» **WORK INSTRUCTIONS**: When the line containing "Cotton jogging pants in Black" is reached, include it and end there; set down verbatim every line before it, starting at the top of the records.

» **Stored data entries**:
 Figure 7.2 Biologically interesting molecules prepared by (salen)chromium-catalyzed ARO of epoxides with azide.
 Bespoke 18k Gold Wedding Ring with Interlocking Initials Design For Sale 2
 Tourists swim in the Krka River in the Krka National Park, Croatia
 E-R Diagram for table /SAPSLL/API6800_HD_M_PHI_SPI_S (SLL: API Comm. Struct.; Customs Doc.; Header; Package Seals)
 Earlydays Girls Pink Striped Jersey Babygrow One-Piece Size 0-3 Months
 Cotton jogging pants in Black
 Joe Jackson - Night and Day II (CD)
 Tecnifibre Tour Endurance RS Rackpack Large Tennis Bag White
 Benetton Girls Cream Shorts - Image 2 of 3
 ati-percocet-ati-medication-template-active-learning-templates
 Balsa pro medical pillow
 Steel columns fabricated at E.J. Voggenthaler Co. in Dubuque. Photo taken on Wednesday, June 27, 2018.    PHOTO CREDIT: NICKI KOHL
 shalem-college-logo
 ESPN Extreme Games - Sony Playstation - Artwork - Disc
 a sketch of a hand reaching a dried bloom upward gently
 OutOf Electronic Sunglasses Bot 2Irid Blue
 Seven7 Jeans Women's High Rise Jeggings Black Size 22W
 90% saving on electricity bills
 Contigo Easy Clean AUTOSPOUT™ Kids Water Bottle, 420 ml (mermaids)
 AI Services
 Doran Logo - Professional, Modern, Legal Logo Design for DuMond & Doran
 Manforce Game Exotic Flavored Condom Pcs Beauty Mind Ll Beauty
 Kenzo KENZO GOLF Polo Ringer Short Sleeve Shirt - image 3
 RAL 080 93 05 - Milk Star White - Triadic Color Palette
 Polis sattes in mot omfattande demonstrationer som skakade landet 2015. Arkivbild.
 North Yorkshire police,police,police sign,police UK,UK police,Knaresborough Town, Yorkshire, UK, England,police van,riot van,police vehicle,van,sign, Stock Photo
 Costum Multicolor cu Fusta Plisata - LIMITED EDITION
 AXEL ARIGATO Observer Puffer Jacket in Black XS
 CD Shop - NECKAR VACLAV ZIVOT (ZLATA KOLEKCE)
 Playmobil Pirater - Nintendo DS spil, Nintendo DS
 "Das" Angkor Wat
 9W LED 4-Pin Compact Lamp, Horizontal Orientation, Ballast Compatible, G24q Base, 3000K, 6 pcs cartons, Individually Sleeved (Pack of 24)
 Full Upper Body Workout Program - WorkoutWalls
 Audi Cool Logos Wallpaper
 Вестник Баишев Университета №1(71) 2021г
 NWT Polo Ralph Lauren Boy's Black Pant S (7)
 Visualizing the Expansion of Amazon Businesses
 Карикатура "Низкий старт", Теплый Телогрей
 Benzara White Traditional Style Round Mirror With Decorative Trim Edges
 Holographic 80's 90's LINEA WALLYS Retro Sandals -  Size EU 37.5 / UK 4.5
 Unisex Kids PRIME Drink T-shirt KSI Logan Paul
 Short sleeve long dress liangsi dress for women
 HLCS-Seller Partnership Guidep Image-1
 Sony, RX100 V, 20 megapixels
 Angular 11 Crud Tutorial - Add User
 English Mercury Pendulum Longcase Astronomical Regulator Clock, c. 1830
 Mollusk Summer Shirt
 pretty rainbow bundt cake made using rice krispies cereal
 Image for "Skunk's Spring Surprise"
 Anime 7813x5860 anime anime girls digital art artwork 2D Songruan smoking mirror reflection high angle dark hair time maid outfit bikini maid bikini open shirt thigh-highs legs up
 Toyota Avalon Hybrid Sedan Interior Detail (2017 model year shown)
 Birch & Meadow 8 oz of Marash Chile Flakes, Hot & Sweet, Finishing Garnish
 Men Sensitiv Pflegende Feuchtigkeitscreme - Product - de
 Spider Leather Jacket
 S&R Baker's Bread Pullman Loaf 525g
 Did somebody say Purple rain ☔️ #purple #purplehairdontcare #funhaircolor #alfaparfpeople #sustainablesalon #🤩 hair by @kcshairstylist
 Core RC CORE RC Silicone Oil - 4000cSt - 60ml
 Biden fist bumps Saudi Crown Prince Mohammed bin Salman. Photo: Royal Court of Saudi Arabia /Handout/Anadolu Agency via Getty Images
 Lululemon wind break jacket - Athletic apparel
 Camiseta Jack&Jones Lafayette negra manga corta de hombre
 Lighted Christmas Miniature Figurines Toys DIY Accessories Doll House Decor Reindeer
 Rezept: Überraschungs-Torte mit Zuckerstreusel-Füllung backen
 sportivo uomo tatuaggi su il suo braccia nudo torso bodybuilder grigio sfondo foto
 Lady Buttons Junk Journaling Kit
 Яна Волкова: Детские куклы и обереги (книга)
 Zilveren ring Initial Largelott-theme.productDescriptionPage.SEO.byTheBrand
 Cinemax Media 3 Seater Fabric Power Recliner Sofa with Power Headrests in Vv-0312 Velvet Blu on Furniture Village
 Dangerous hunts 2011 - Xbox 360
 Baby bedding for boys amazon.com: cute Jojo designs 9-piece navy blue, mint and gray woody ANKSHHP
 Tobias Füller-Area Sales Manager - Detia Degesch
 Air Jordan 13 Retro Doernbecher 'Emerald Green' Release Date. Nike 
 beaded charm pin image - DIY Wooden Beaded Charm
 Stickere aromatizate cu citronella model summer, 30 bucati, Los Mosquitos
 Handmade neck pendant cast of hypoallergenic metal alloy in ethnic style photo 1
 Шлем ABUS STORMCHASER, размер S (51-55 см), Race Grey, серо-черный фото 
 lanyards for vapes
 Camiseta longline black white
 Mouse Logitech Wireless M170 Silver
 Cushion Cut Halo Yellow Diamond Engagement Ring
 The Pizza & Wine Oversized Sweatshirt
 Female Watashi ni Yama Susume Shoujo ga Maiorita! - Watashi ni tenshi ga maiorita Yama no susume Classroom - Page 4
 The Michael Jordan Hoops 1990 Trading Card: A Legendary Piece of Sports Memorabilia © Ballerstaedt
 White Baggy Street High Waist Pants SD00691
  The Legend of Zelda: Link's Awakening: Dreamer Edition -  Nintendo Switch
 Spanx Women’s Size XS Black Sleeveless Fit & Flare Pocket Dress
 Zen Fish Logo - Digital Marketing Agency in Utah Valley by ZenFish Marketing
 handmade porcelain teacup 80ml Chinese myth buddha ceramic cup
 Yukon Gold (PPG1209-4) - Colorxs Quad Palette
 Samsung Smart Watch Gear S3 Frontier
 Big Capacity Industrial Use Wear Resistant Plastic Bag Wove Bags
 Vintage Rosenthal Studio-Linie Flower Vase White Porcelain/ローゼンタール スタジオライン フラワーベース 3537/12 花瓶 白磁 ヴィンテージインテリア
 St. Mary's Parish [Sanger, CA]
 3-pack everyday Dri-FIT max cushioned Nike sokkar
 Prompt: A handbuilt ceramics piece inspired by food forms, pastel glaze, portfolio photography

» **RESULT FOR THIS EXERCISE**:
 Figure 7.2 Biologically interesting molecules prepared by (salen)chromium-catalyzed ARO of epoxides with azide.
 Bespoke 18k Gold Wedding Ring with Interlocking Initials Design For Sale 2
 Tourists swim in the Krka River in the Krka National Park, Croatia
 E-R Diagram for table /SAPSLL/API6800_HD_M_PHI_SPI_S (SLL: API Comm. Struct.; Customs Doc.; Header; Package Seals)
 Earlydays Girls Pink Striped Jersey Babygrow One-Piece Size 0-3 Months
 Cotton jogging pants in Black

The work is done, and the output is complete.